» **Exercise instructions**
In the records below, repeat exactly the lines between the line holding "Heavy downpours wreak" and the line holding "Gesetzblatt (GBl.) der", inclusive, and drop the pictures.

» **Records to process**
▼▼▼

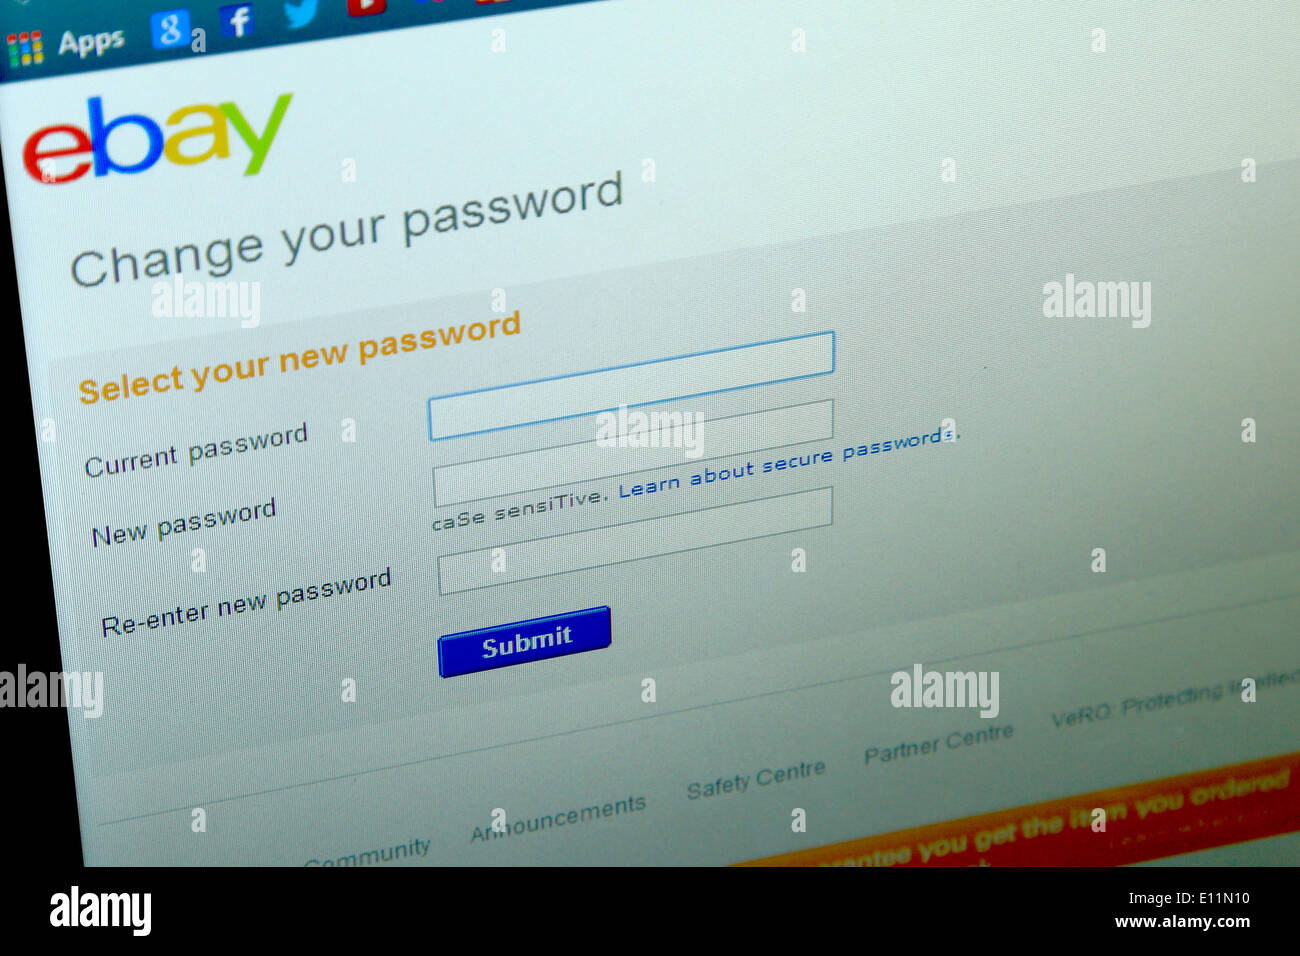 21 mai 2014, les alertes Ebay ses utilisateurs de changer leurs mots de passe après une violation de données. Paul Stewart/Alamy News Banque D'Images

▲▲▲
▼▼▼

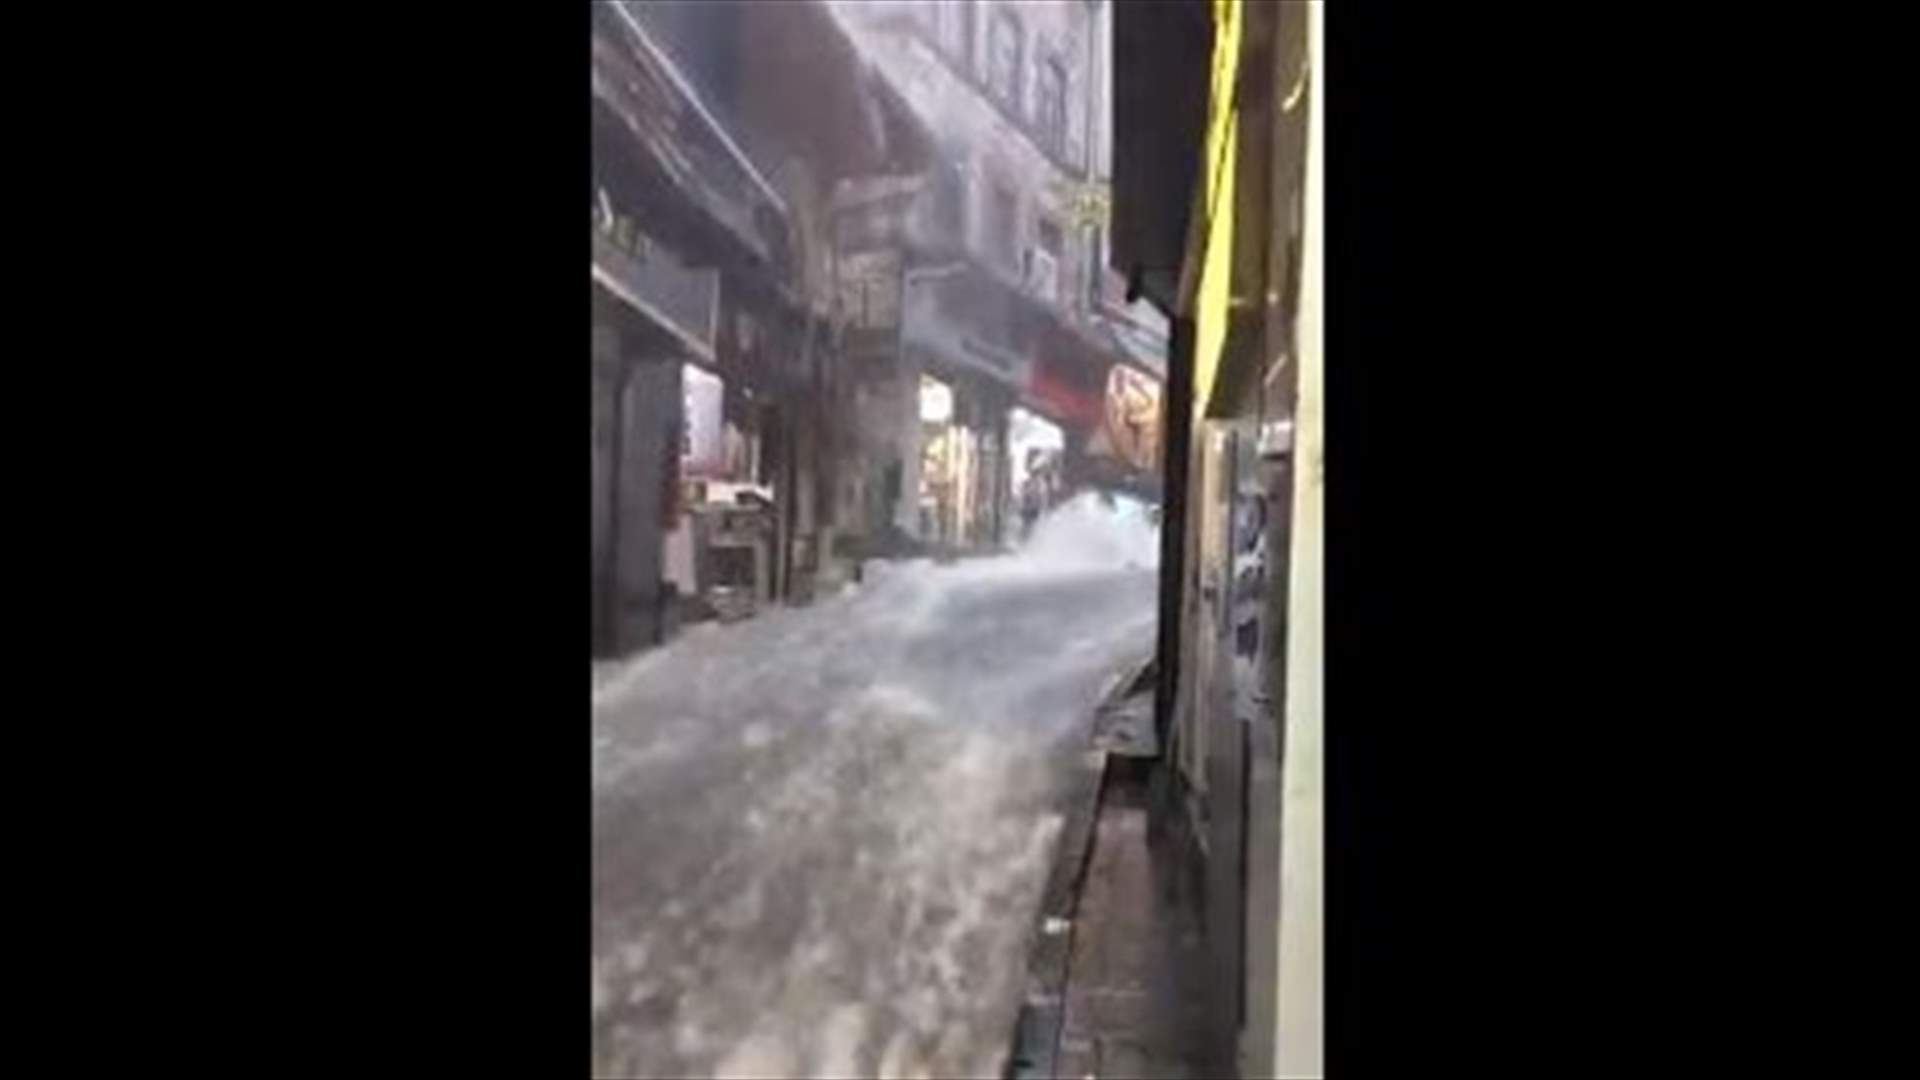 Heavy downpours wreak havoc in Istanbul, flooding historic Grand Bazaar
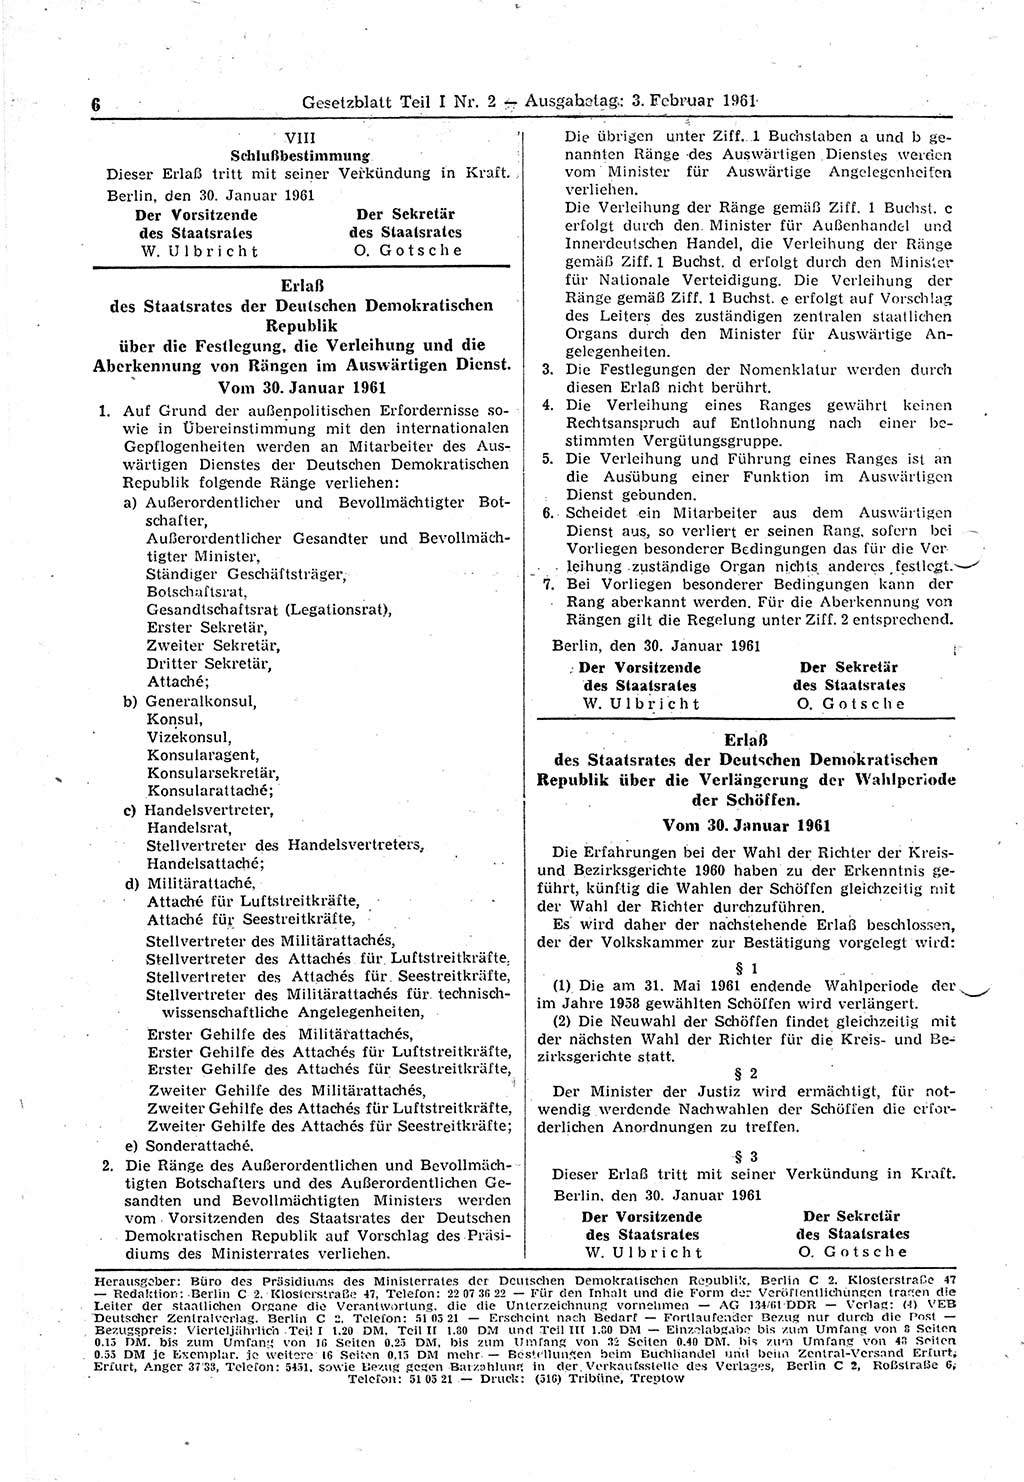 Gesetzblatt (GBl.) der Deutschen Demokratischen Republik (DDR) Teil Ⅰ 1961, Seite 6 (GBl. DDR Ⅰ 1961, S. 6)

▲▲▲
▼▼▼

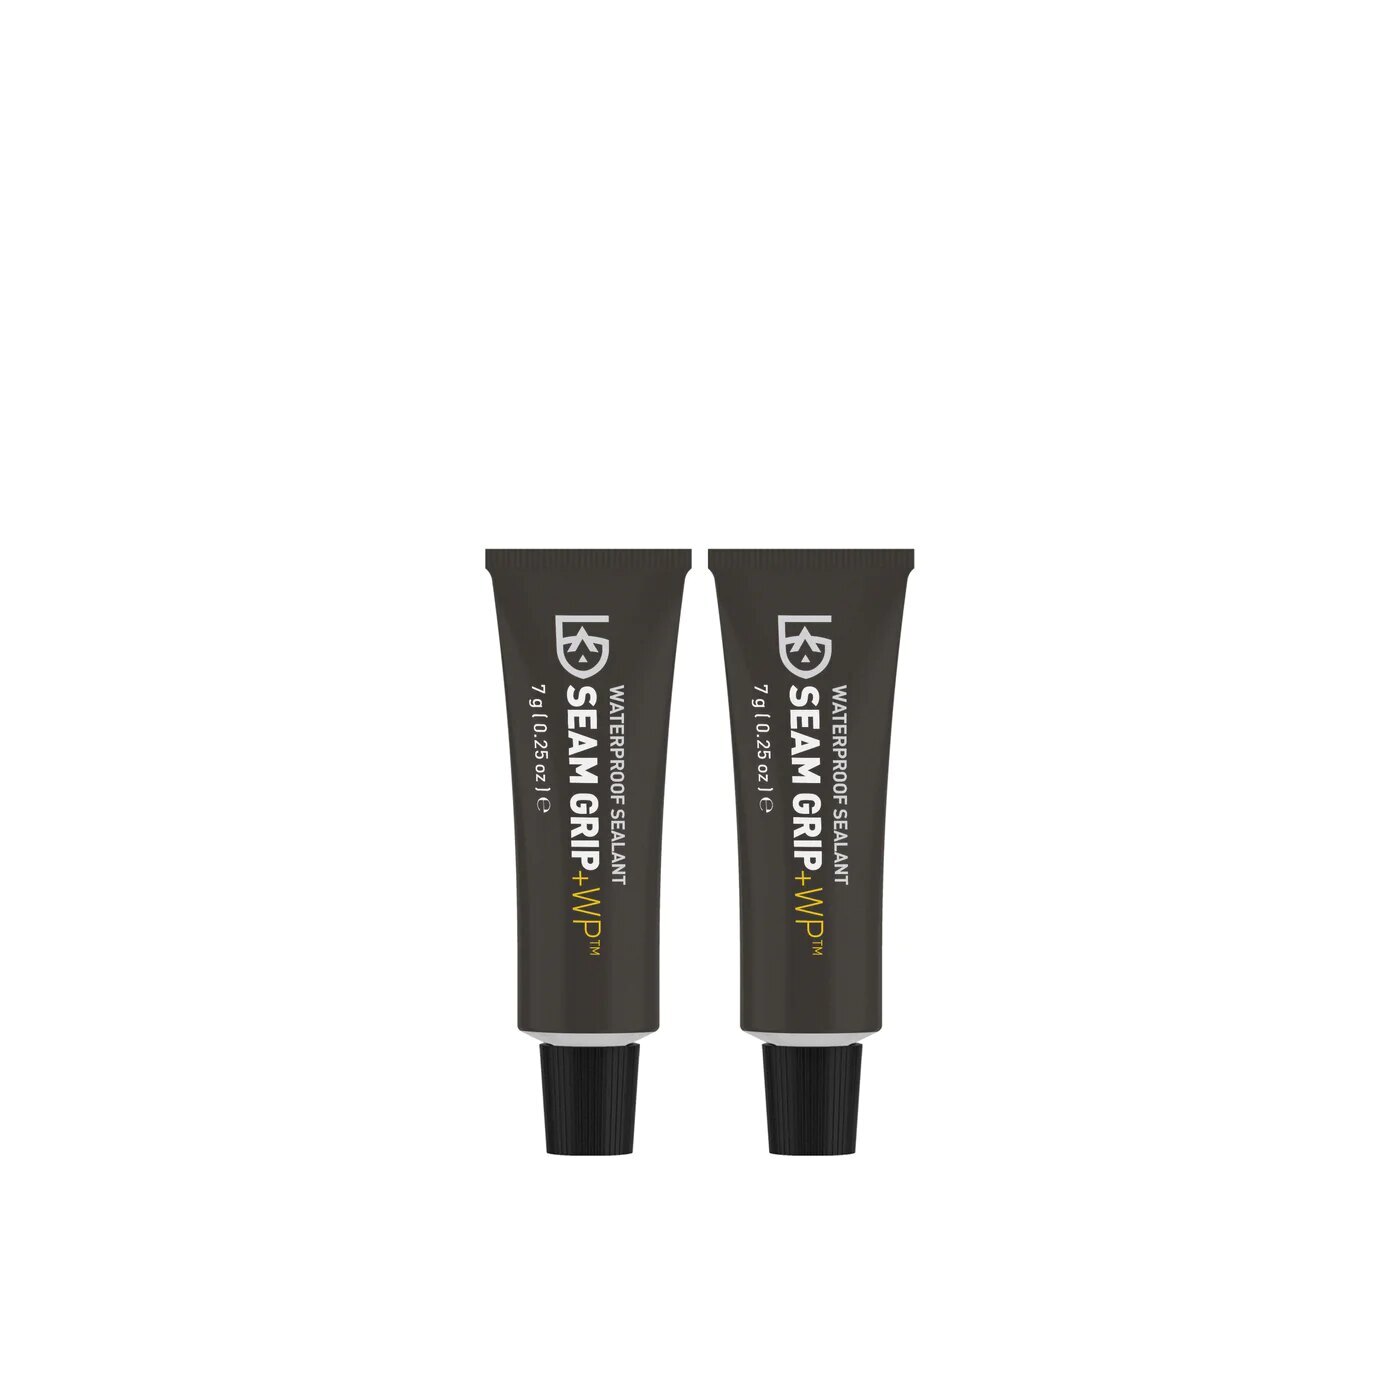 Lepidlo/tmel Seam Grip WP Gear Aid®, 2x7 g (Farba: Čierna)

▲▲▲

» **Answer space**
 Heavy downpours wreak havoc in Istanbul, flooding historic Grand Bazaar
 Gesetzblatt (GBl.) der Deutschen Demokratischen Republik (DDR) Teil Ⅰ 1961, Seite 6 (GBl. DDR Ⅰ 1961, S. 6)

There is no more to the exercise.